Red Ornament hanging from torn rope

Is it the Most Wonderful Time of the Year?

By
Deany Laliotis, LICSW, Founder of The Center

It’s hard to reconcile when the holiday season which is supposed to be festive, joyous and a special time for gathering with loved ones, is actually more complex, demanding, and stressful.  It’s also hard to admit that it’s not only “not wonderful,” it’s also challenging when we are gathering with family we rarely see, don’t have much in common with, or worse, don’t even get along.  On top of it, just when you thought you were an adult, out of the house with a family of your own, for some strange reason, you find yourself absorbed in the same family dynamics you worked so hard to get out of!  Yet, the expectation is that we “play nice in the sandbox” because after all, it’s the holiday season and for the sake of family, you give up any notion that it’s going to be a special time for you.

The good news is that you are not alone.  These are common situations that come up during the holiday season for a lot of people, particularly young adults and younger families.  Family myths and traditions take over for better and for worse, and it is assumed that maintaining these traditions is paramount.  

What is less obvious but equally important is, what are the traditions you might want to put in place that are more meaningful for you, you and your partner, or you and your family?

For the sake of family?

I was talking with a client recently who was expressing consternation about her boyfriend’s family and the expectation that everyone always comes home to be with the parents and grandparents during Christmas.  What was equally if not more alarming to her is that her boyfriend didn’t stop to consider that it could be a problem, particularly now that they are a couple and that she, too, has a family.  He just assumed that she would go along with the family’s expectation in the same way he has all these years, because, after all, it was for the sake of family.

The silver lining in the cloud

Of course, there are no clear-cut solutions.  No matter the plan, some people will be disappointed.  In this case I proposed to her that, while stressful, that this was an opportunity to discover how much her boyfriend could partner with her.
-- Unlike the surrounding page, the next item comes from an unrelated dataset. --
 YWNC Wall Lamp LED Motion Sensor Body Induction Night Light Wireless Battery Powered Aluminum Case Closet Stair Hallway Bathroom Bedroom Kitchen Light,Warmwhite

They could decide on a plan as a couple, instead of continuing to be the dutiful son and grandson that never questioned his family’s wishes.  So, instead of making it just about the holidays, the demands of the season created a space for this couple to discover whether they were strong enough in their devotion to prioritize one another over the push and pulls of their families’ expectations.

The cost-benefit analysis

My client, who tends to be a people pleaser, had already agreed to be with his family for the holidays before her session.  And while there was the immediate benefit of pleasing him and pleasing his family, she was now experiencing the emotional cost to herself as well as setting a precedent that what his family wanted was more important, or worse, that what he wanted was more important than what she wanted.  Realizing that the long-term cost was too high, she broached the conversation with him, admitting that she was not forthcoming about her needs because she was afraid to disappoint him and his family.  She went on to explain that she was not being honest about how she really felt, and instead avoided the hard conversation they needed to have as a couple.

Takeaways

The strategy of “go along and get along,” may be easier in the short run, but potentially disastrous in the long run, as it would set a precedent that would be harder to change once those expectations are in place.   

While it was easier to avoid the conversation at the time, she realized that what she wanted more was to be in an authentic partnership with him where they decided together how things would be handled.  And while the plan would never be perfect, it would be perfectly planned because they collaborated on it as a team.  So, they agreed that, while spending time with his family over the holidays, they would announce their plan to alternate holidays between their families since they were now a couple.

So, whatever the holiday challenge is, consider it as an invitation to reevaluate your priorities as well as your traditions.  It’s actually important to create new rituals and traditions, especially as we and our families change over time.  

Who knows, while it might be unsettling at first, trying something new can lead to newfound traditions that can make the holiday season a truly wonderful time for all.